Word for word, transcribe the data below from the line with "Morrisons Supermarkt Kette" to the line with "Most saved images this week on SAVEE — 001", keeping both of those lines.

____ Dataset records

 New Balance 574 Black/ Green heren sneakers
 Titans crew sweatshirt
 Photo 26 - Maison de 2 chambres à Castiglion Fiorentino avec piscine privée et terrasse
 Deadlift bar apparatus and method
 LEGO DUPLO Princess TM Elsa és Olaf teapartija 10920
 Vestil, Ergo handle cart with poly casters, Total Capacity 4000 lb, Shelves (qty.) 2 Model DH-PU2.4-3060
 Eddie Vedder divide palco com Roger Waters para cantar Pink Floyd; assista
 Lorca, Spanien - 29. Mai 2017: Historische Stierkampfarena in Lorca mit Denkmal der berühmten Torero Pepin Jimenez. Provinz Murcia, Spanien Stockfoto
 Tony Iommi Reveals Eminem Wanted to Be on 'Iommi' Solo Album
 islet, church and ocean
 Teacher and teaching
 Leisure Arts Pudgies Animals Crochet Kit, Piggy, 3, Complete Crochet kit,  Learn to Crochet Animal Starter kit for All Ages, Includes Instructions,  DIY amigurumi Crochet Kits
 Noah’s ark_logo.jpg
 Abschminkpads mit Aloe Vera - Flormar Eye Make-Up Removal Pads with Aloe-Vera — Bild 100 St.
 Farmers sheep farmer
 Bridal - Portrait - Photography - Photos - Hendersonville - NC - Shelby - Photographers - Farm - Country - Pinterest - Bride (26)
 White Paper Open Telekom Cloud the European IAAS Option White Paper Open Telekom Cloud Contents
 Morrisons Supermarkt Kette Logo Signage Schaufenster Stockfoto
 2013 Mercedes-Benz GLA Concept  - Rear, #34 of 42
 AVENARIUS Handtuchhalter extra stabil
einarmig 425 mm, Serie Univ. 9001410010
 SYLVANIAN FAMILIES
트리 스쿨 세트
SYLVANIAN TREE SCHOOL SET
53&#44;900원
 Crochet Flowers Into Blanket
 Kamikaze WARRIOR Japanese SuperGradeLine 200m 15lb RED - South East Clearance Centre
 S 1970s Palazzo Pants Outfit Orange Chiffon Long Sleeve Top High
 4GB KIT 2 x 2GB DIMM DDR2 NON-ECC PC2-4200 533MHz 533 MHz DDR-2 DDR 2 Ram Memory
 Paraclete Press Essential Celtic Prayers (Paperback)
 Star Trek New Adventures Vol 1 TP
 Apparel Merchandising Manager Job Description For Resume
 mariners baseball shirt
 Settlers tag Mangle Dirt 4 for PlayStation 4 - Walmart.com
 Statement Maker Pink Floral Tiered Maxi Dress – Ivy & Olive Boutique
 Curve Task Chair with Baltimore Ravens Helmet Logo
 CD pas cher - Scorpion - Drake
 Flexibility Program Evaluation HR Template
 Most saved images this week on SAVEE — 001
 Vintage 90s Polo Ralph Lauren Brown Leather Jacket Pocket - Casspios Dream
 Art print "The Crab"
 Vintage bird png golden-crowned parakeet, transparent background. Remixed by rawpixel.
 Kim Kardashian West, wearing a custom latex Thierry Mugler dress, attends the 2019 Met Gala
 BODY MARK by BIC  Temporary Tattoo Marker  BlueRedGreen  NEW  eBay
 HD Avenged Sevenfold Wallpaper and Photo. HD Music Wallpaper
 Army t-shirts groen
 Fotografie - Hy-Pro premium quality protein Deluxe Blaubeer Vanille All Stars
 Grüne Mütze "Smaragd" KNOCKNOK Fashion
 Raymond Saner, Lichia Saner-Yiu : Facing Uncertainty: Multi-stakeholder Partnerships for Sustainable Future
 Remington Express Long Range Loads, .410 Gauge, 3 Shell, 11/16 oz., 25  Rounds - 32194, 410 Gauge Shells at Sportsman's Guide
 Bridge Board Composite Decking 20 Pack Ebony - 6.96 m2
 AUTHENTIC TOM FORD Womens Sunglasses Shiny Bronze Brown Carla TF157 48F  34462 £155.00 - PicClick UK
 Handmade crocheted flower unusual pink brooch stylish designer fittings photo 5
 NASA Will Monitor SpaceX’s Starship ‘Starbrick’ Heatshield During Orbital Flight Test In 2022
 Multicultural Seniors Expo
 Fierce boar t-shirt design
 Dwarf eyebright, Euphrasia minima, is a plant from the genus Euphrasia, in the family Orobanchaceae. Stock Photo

________

> _Response below_:
 Morrisons Supermarkt Kette Logo Signage Schaufenster Stockfoto
 2013 Mercedes-Benz GLA Concept  - Rear, #34 of 42
 AVENARIUS Handtuchhalter extra stabil
einarmig 425 mm, Serie Univ. 9001410010
 SYLVANIAN FAMILIES
트리 스쿨 세트
SYLVANIAN TREE SCHOOL SET
53&#44;900원
 Crochet Flowers Into Blanket
 Kamikaze WARRIOR Japanese SuperGradeLine 200m 15lb RED - South East Clearance Centre
 S 1970s Palazzo Pants Outfit Orange Chiffon Long Sleeve Top High
 4GB KIT 2 x 2GB DIMM DDR2 NON-ECC PC2-4200 533MHz 533 MHz DDR-2 DDR 2 Ram Memory
 Paraclete Press Essential Celtic Prayers (Paperback)
 Star Trek New Adventures Vol 1 TP
 Apparel Merchandising Manager Job Description For Resume
 mariners baseball shirt
 Settlers tag Mangle Dirt 4 for PlayStation 4 - Walmart.com
 Statement Maker Pink Floral Tiered Maxi Dress – Ivy & Olive Boutique
 Curve Task Chair with Baltimore Ravens Helmet Logo
 CD pas cher - Scorpion - Drake
 Flexibility Program Evaluation HR Template
 Most saved images this week on SAVEE — 001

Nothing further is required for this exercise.